The three of us shuffled on the sidewalk, jockeying for position as the bus pulled up to the curb. I teetered carefully in my heels as the side of the bus cruised close, its colorful billboard rolling past.
What was all that red? A cartoon drawing of a wild-eyed redhead, a vixen glowering over the copy:
She's got him in a squeeze. Torture or terror?
WATCH OLIVIA, THE NUTCRACKER
Premieres Tuesday at 9 on BigTime Cable
I reeled back, stumbling in my heels. Olivia?
This was Bobby's show?
The impact of seeing a caricature of myself along with my own name on the side of a bus was too much. I went down, my left shoe slipping off as my bottom landed on the cold pavement.
“You okay?” Mr. Watch Cap asked, pausing by the bus door.
I sat there staring at the poster, knowing that I wasn't okay at all. Not with Bobby stealing my name and making me into a caricature soon to be frequenting buses and print ads. “This is not okay,” I said sternly as I pressed my shoe to my chest in horror. Not okay for the lying ex to take my name and my red hair and exploit me as some villainous shrew.
“C'mon, hon. You'll be okay.” The watch-cap man extended a hand, and I let him help me up, my eyes fixed on the horror.

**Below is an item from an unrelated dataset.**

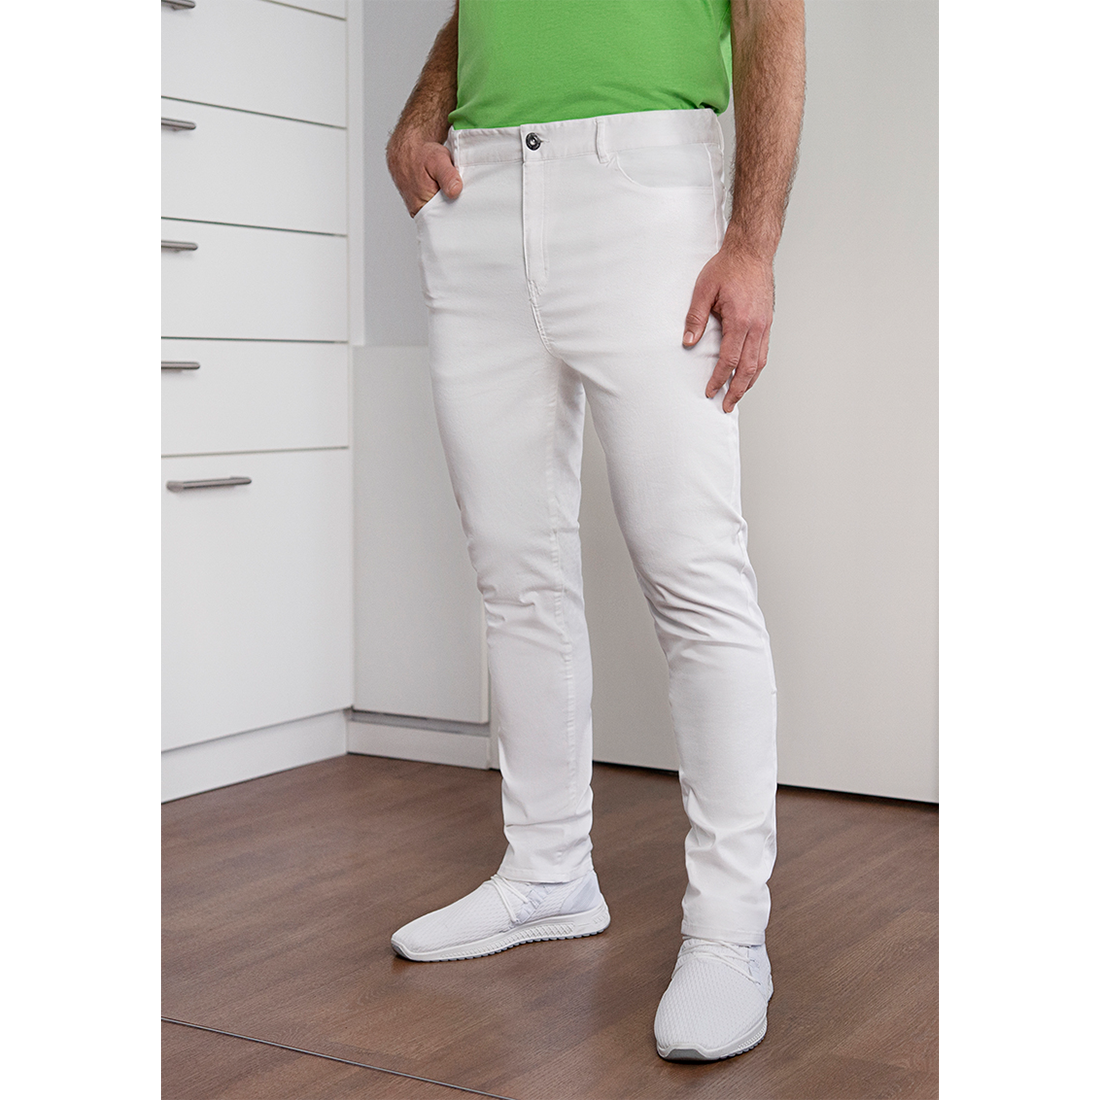 Pantalón Classic-Stretch con 5 bolsillos para hombres - Ropa de protección

I wobbled to my feet and staked out the billboard as if it were my opponent in a wrestling match.
Did the boy have a creative bone in his body? Could he at least have taken some creative license and changed a few details of my life?
“Not o-kay.” With each syllable, I banged the heel of my shoe against the poster. Surely the stiletto would cut through the poster like a knife, then I could rip it up, shred it off with my fingernails.
“Hey, there. You don't want to be doing that.” The man stepped away from me, toward the safety of the bus steps. “You coming?”
With as much dignity as I could muster I put the ad behind me and waddled onto the bus. Click-thomp, click-thomp.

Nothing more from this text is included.